MaskSR
Publication Date: 4 June 2024, link
Distorted Speech Encoder:
using STFT with window_size:
import torch
audio = torch.randn(1, 3 * 44100) # 3 seconds with sample rate 44.1kHz
y = torch.stft(audio, 2048, 512, return_complex = True)
print(y.shape) # [F, T]
w = torch.abs(y) # [F, T]
w = w.pow(0.3) # X_0.3 compressed power spectrogram with shape [F,T]
print(w.shape)
Cosine Scheduler
During training, the masking ratio (from 0 to 1) will be applied to \( 9 \times T \) codebook by sampling \( r \sim \mathcal{U}(0, 1) \),
The cosine schedule function should be \( f(r) = cos(\frac{\pi}{2}r) \), this makes sure that \(f(0) = 1\) and \(f(1) = 0\).
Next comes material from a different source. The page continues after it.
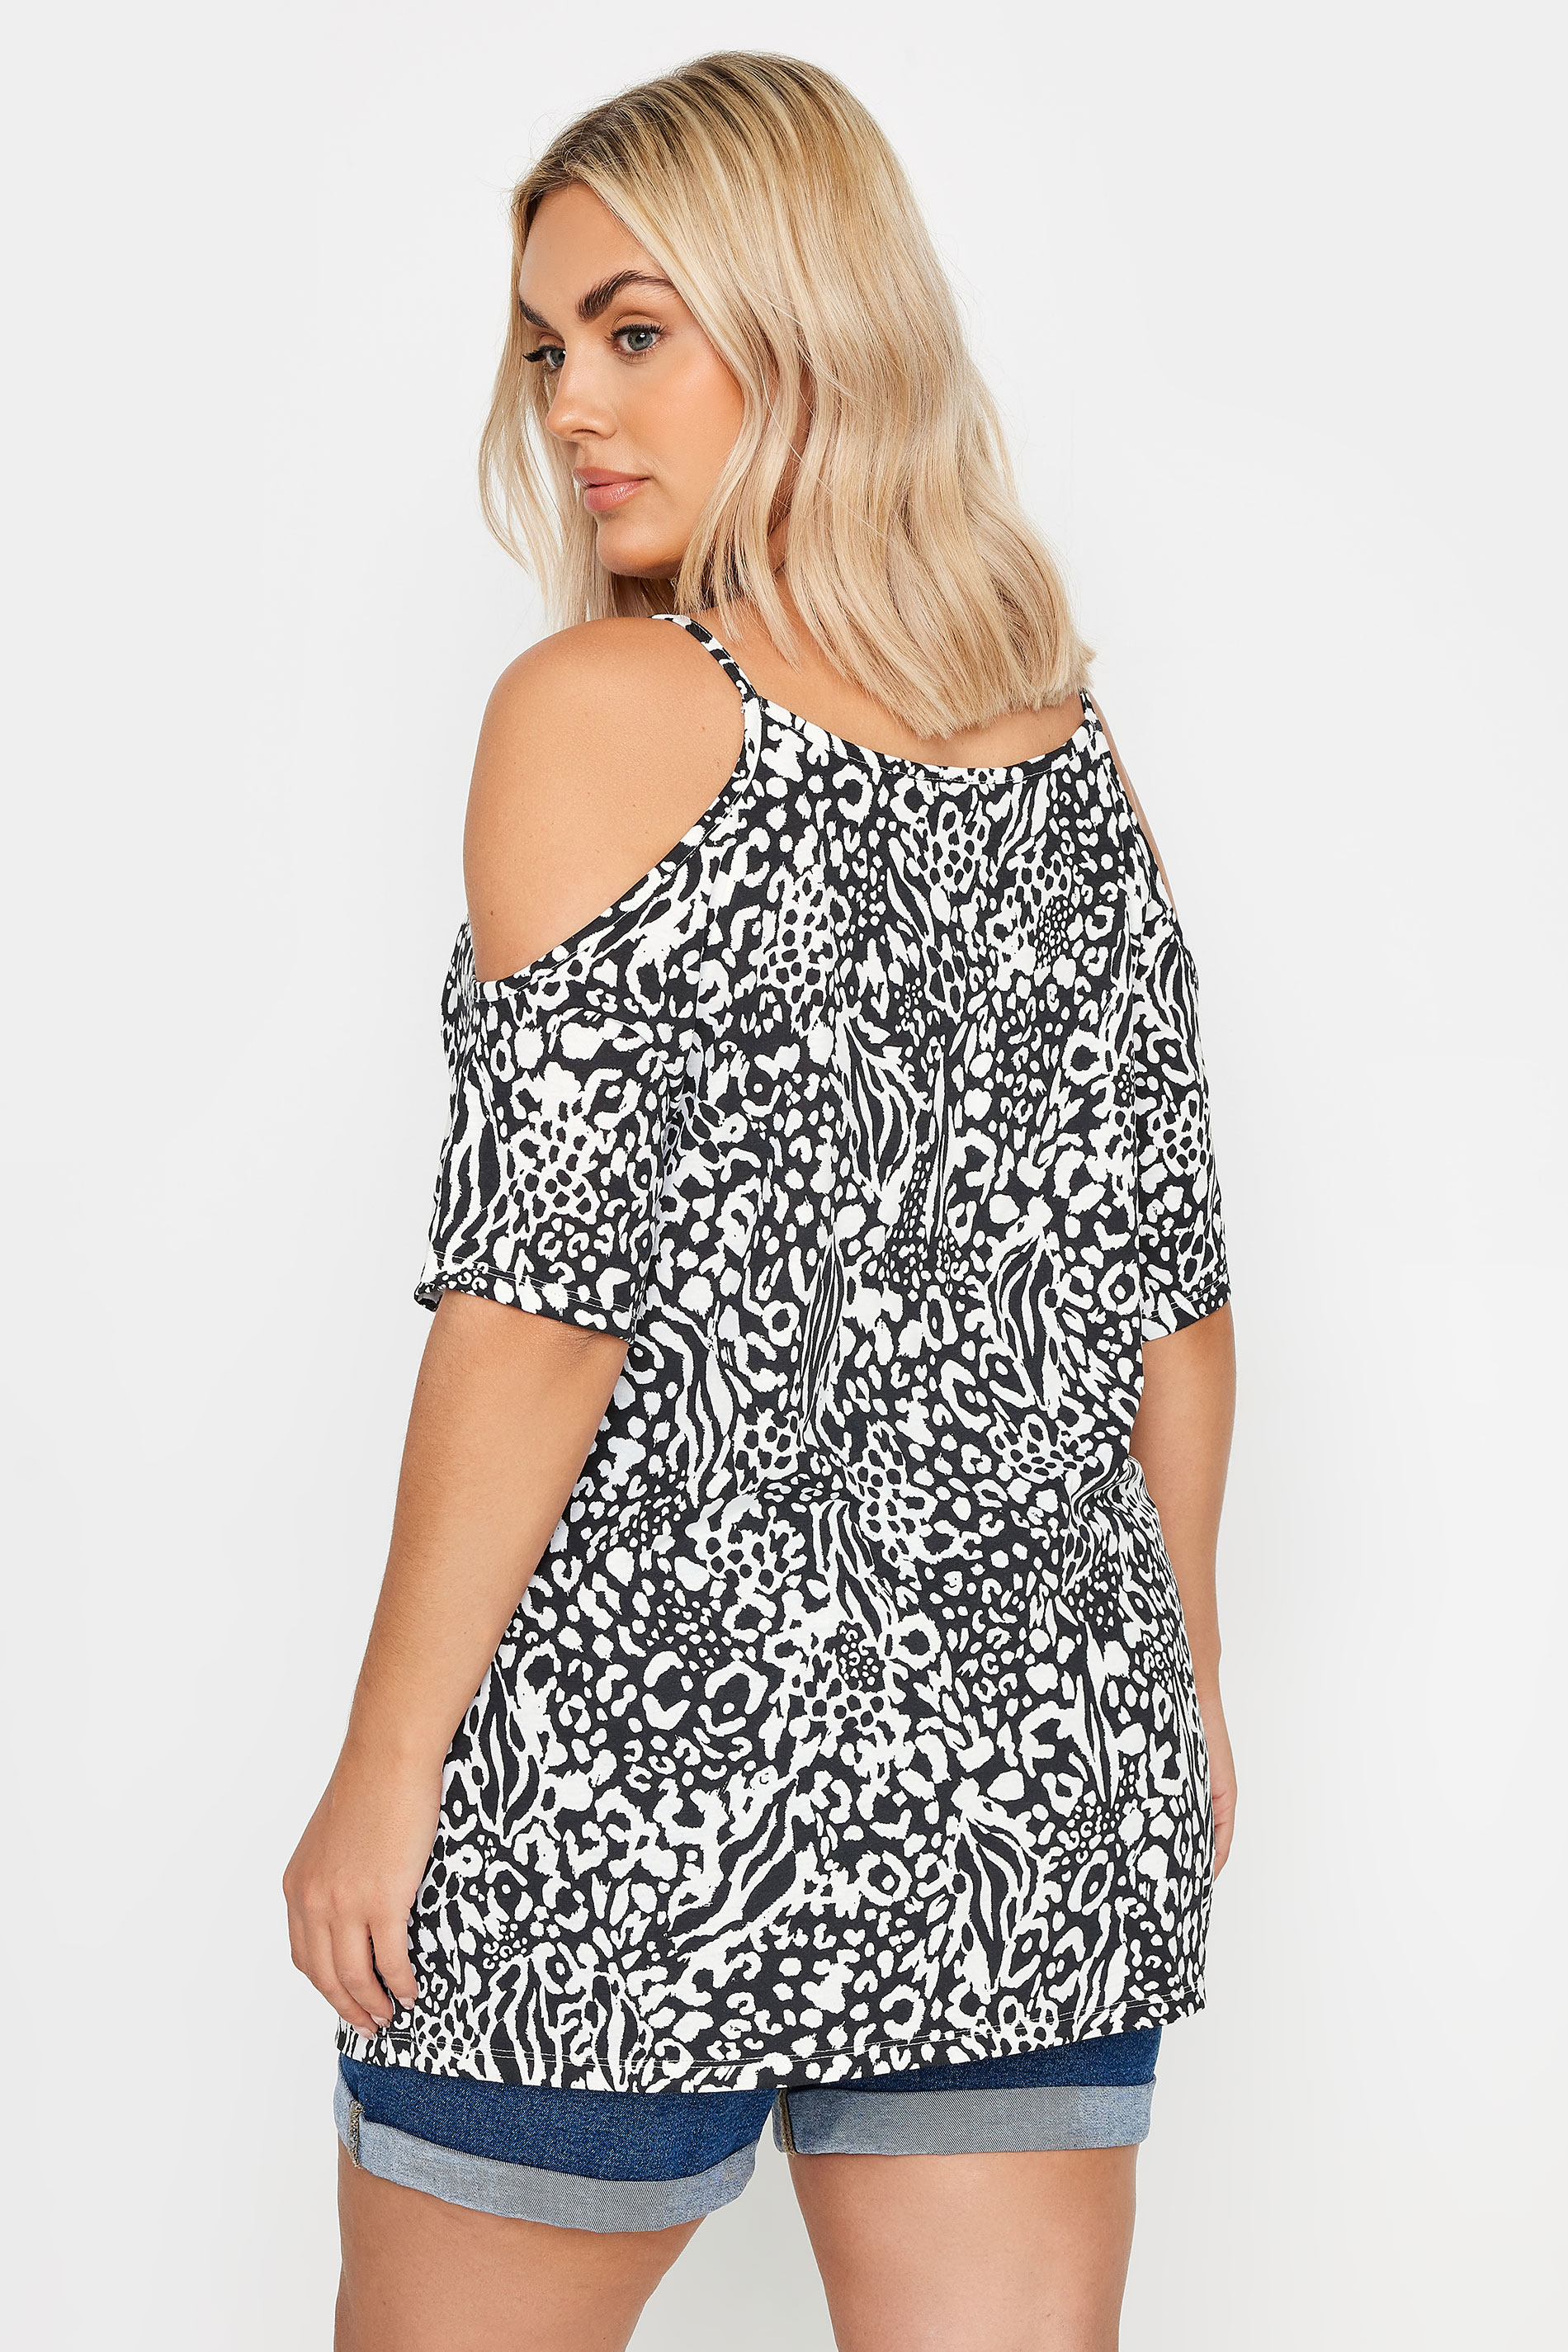 YOURS Plus Size Black & White Mixed Animal Print Cold Shoulder Top | Yours Clothing 3

The cross entropy loss is calculated on the masking position.
Classifier-free Guidance
The Conditional logit \( l_g \) is used to measure \( P(x \mid c )\) where c is the prompt. In this case, c will be the speech encoder input.
The unconditional logit \(l_u\) is used to measure \( P(x \mid c )\) where the model predicts the output without any input. During inference, we just replace the entire codebook with a embedding (null embedding) repeated \(T\) times, and predict the output and use that as the \(l_u\) score. The logit score for inference is defined as \(l_g = (1 + w) l_c - w l_u\).
During training, for each epoch, we randomly select 10% of the training data to be replaced with the null embedding.